Sono le 16:58 del 19 luglio 1992 quando una Fiat 126 imbottita di tritolo esplode in via D’Amelio, a Palermo, uccidendo il giudice Paolo Borsellino e cinque agenti della sua scorta: Emanuela Loi, Agostino Catalano, Vincenzo Li Muli, Walter Eddie Cosina e Claudio Traina. Borsellino si stava recando a trovare sua madre. In quei pochi istanti, lo Stato viene colpito al cuore per la seconda volta in meno di due mesi. Era il 23 maggio quando Giovanni Falcone, amico fraterno e collega di Borsellino, era stato assassinato sull’autostrada Palermo-Capaci.
Borsellino sapeva. Sapeva di essere un bersaglio. Sapeva che il tempo era poco. Eppure non si è mai fermato. “Ho fiducia nel lavoro che faccio. E anche se so che posso morire da un momento all’altro, continuo”, diceva. Dopo Capaci, aveva fretta. Aveva urgenza di fare chiarezza, di portare avanti le indagini, di dare un volto e un nome ai mandanti.

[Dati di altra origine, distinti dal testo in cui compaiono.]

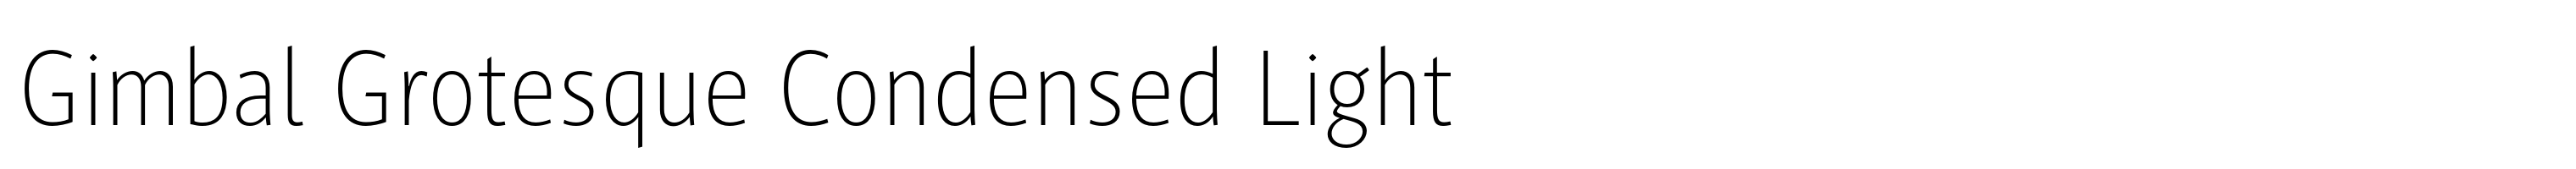 Gimbal Grotesque Condensed Light
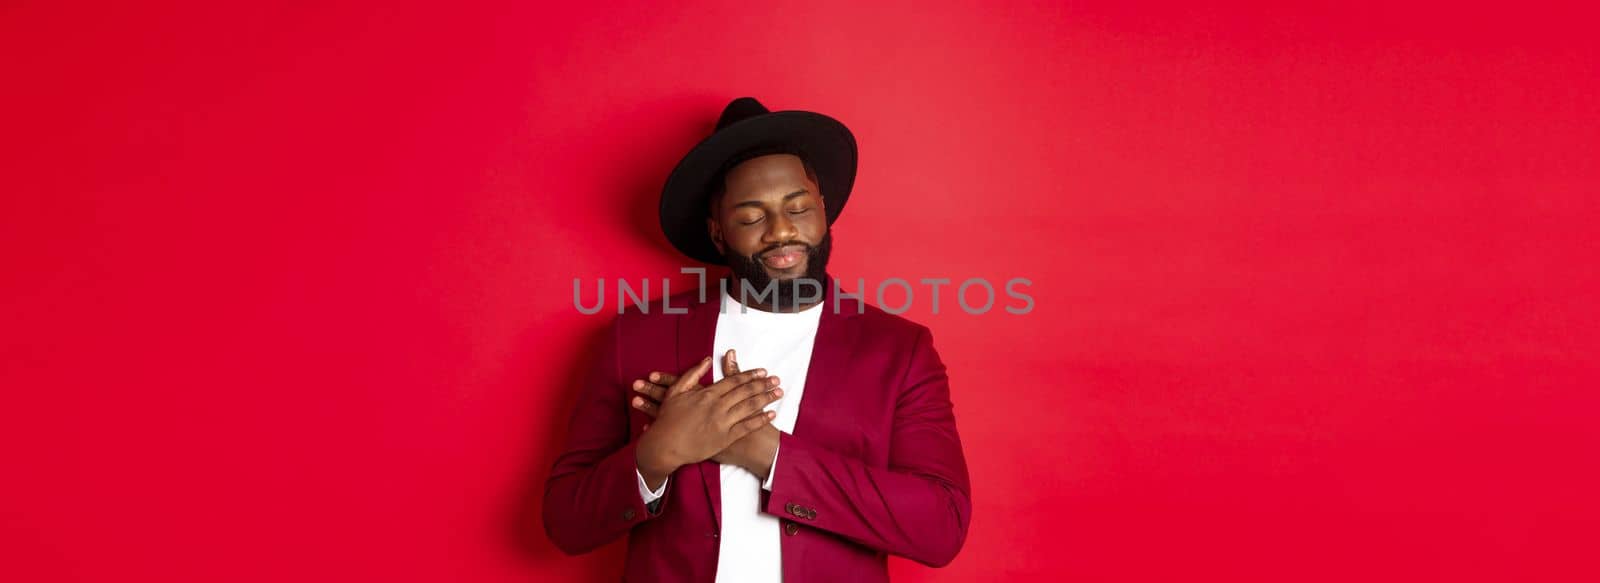 Fashion and party concept. Young bearded Black man in classy hat and jacket, holding hands on heart and smiling nostalgic, remember something, daydreaming against red background.

Ma la verità su via D’Amelio è ancora oggi parziale, dolorosa, complessa. Depistaggi, misteri, omissioni: il cosiddetto “dossier mafia-appalti” che Borsellino stava approfondendo è scomparso. Le indagini sono state manipolate, e solo anni dopo si è iniziato a ricostruire il mosaico. Intanto, la memoria dei servitori dello Stato è diventata un punto fermo per le nuove generazioni.
A trentatré anni dalla strage, la figura di Paolo Borsellino continua a interrogare la coscienza del Paese: quanto siamo disposti a difendere la legalità? Quanto costa davvero la giustizia? E cosa significa oggi non voltarsi dall’altra parte?
Ogni 19 luglio, via D’Amelio si riempie di persone. Non solo per commemorare, ma per ricordare che la mafia si combatte ogni giorno, con le scelte, con l’etica, con la cultura. E che Borsellino non è morto invano, se continueremo a camminare nella sua stessa direzione.